Peguei a carta entre os meus dedos abertos,
O vão por onde o deixei partir agora fazia sentido,
Deslizei a mão uma vez por suas linhas,
Sem arriscar olhar o que diziam, já a havia lido,
Sabia identificar cada palavra que parecia gritar,
Mantinha meus olhos fechados,
Quisera eu, pudesse me acordar deste sonho,
Onde o busco sem cessar, mas não encontro,
Contudo, as doces palavras nada diziam além de lembranças,
Falavam de um sonho bonito e acrescentavam um fim ao que
vivemos,
Quisesse dizer algo, não poderia minha voz estava embargada,
A dor de sua partida me feria a alma,
Uma chuva de lembranças vinha à tona por meus olhos,
Balbuciei algo sem contê-las que em lágrimas escorriam,
Mesmo os olhos cerrados não eram capazes de freá-las,
Desciam por meu rosto, apagavam o sorriso,
Molhavam o papel e com ele avivavam as palavras trêmulas,
Elas dobravam seu tamanho, amargas a afogar-se no mar de
dor,
Tivesse eu, visto-as, talvez pudesse salvá-las,
Mas lhe digo, meus olhos não foram capazes de abrirem-se,
A dor era tamanha que me consumia por inteira,
Trouxe a carta ao peito, recostei-a em meu coração,
Ele palpitou descompassado, disse algo que eu não entendi,
Mantive minha mão onde estava desde o início,
Meus dedos pareciam pregados nela, não se moviam por nada,
As palavras escorriam e pulavam da carta,
Ganhavam vida esmurrando-me com lembranças,
Tivesse eu esquecido, o que poderia restar de mim?
É possível esquecer alguém que se ama com toda a alma?

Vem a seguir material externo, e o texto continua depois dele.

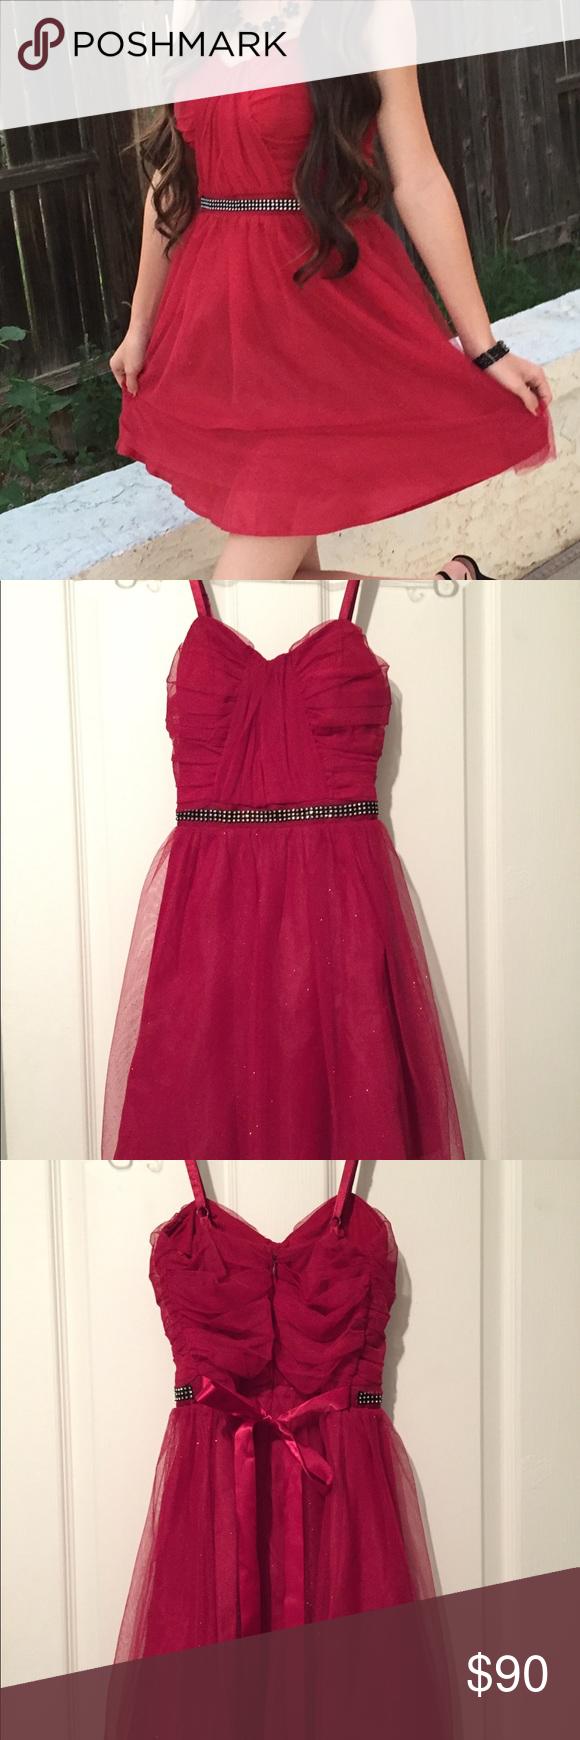 Bold red glitter party dress glitter party dress glitter party

As últimas frases pareciam estar ficando prejudicadas,
A caligrafia borrada impedia de ver seu conteúdo,
Mas ele estava vívido em mim, falava de quando partira,
Do instante em que decidira dar um fim a tudo que vivemos,
Embora eu não a pudesse ler eu reconhecia sua letra,
Mantinha os olhos fechados, até que soluços me romperam,
Dilacerada dor em mil fragmentos se mortificava – as lágrimas
-,
Morria ela enquanto apagava a letra de uma lembrança,
Poderia morrer naquela hora e não sentiria dor maior que
outrora,
Pior que vê-lo desentrelaçar nossos dedos para abrir a
porta,
Apenas para depois fechá-la contra os meus sentimentos,
Não iria acontecer, perder quem se ama por meio de uma
carta,
Nada mais que pouca coisa dita, muita escrita e única
atitude:
- Pam, pam - um bater
de porta, um adeus pronunciado em silêncio,
Um olhar que não cruzaria com o meu, dois corações partidos,
Com apenas uma frase eu costumava mudar tudo ao redor,
- Eu te amo, meu amor não vá -, mas desta vez não bastou,
Toda a minha força agarrada aos seus dedos, não ajudou,
Ele abriu a mão, ergueu seus dedos, depois removeu dos meus,
Virou o rosto para a frente em gesto decidido,
Deixou o braço para trás e depois o puxou, sem falar nada,
Não ousou um último olhar, apenas se afastou seguro,
Acho que eu quis morrer, acho que ele sabia disso,
Penso que esta carta signifique algo além de tudo isso,
Com um arfar no peito, um suspiro que vinha de dentro
Me fez soltar a carta, afastá-la por um único segundo,
Levei a mão ao rosto, sequei as lágrimas doloridas,
Quando pude abrir os olhos avistei minha mão manchada,
Os dedos onde eu mantive a carta a todo custo comigo
Continham palavras como se fossem tatuadas,
Sílabas se formavam conforme eu os juntava,
A tinta que escorreu da carta havia penetrado em mim,
- Eu te amo, e alguma coisa rabiscada eu pude ler entrededos,
Decidi procura-lo e para a dor que me consumia buscar um fim.